Quasi-Periodic Particle Acceleration in a Solar Flare

TL;DR

This study analyzes a solar flare exhibiting quasi-periodic pulsations across multiple wavelengths, linking these pulsations to intermittent particle acceleration caused by bursty magnetic reconnection.

Contribution

It identifies common periods in X-ray, EUV, and radio emissions and localizes the pulsation source, revealing a connection between magnetic reconnection and QPPs in solar flares.

Findings

QPPs have similar periods across X-ray, EUV, and radio wavelengths.

Pulsations originate from a HXR footpoint linked to open magnetic field lines.

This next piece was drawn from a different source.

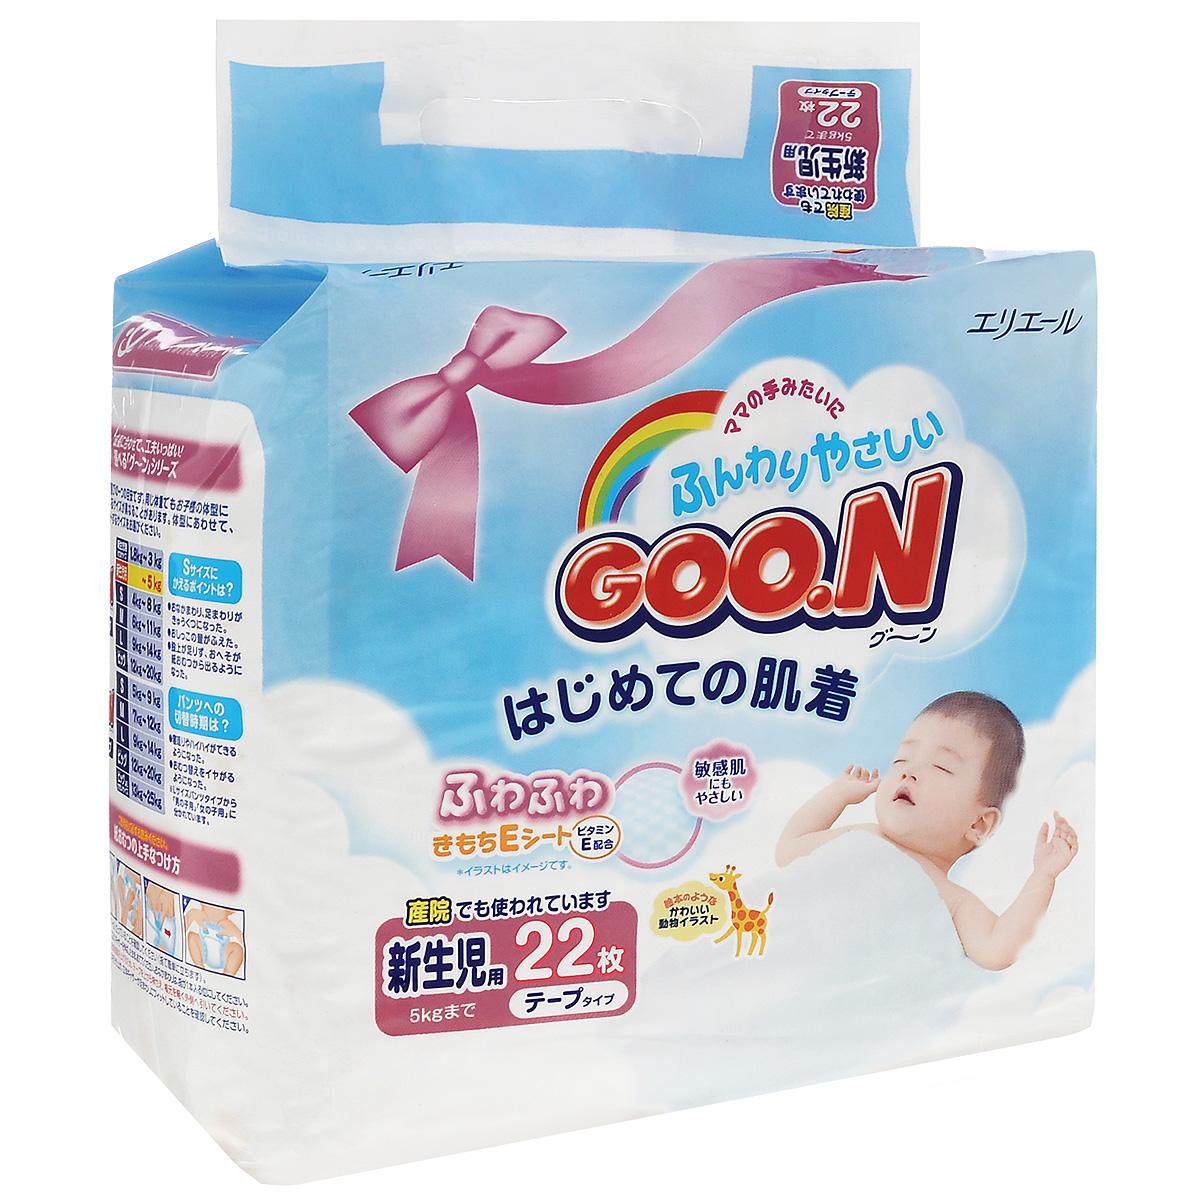 GOON Подгузники, до 5 кг, 22 шт753630Японские подгузники Goon изготавливаются только из высококачественных экологически чистых материалов, прошедших специальную обработку, и соответствуют всем санитарно-эпидемиологическим нормам. Невероятно мягкие и нежные подгузники моментально впитывают влагу и долго удерживают её внутри. Содержат натуральный витамин Е, который питает кожу и повышает её защитные функции. Подгузники прекрасно пропускают воздух, предотвращая появление опрелостей. Особенности: Нежно касаются кожи и сидят как обычное бельё. Подходит для чувствительной кожи. 3D рельеф сокращает площадь подгузника, которая касается кожи малыша, исключая опрелости. Жидкий стул впитывается в углубления. Содержит витамин Е. Нежное касание, благодаря воздуху, который задерживается между слоями. Без протеканий на спинке, благодаря резинке на поясе подгузник плотно прилегает. Дышащий внешний слой. Микропоры внешнего слоя пропускают воздух к...

Intermittent particle acceleration due to bursty reconnection causes QPPs.

Abstract

A common feature of electromagnetic emission from solar flares is the presence of intensity pulsations that vary as a function of time. Known as quasi-periodic pulsations (QPPs), these variations in flux appear to include periodic components and characteristic time-scales. Here, we analyse a GOES M3.7 class flare exhibiting pronounced QPPs across a broad band of wavelengths using imaging and time-series analysis. We identify QPPs in the timeseries of X-ray, low frequency radio and EUV wavelengths using wavelet analysis, and localise the region of the flare site from which the QPPs originate via X-ray and EUV imaging. It was found that the pulsations within the 171 \.A, 1600 \.A, soft X-ray (SXR), and hard X-ray (HXR) light curves yielded similar periods of $\sim$122 s, $\sim$131s, $\sim$123 s, and $\sim$137 s, respectively, indicating a common progenitor. The low frequency radio emission at 2.5 MHz contained a longer period of $\sim$231 s. Imaging analysis indicates that the location of the X-ray and EUV pulsations originates from a HXR footpoint linked to a system of nearby open magnetic field lines. Our results suggest that intermittent particle acceleration, likely due to 'bursty' magnetic reconnection, is responsible for the QPPs. The precipitating electrons accelerated towards the chromosphere produce the X-ray and EUV pulsations, while the escaping electrons result in low frequency radio pulses in the form of type III radio bursts. The modulation of the reconnection process, resulting in episodic particle acceleration, explains the presence of these QPPs across the entire spatial range of flaring emission.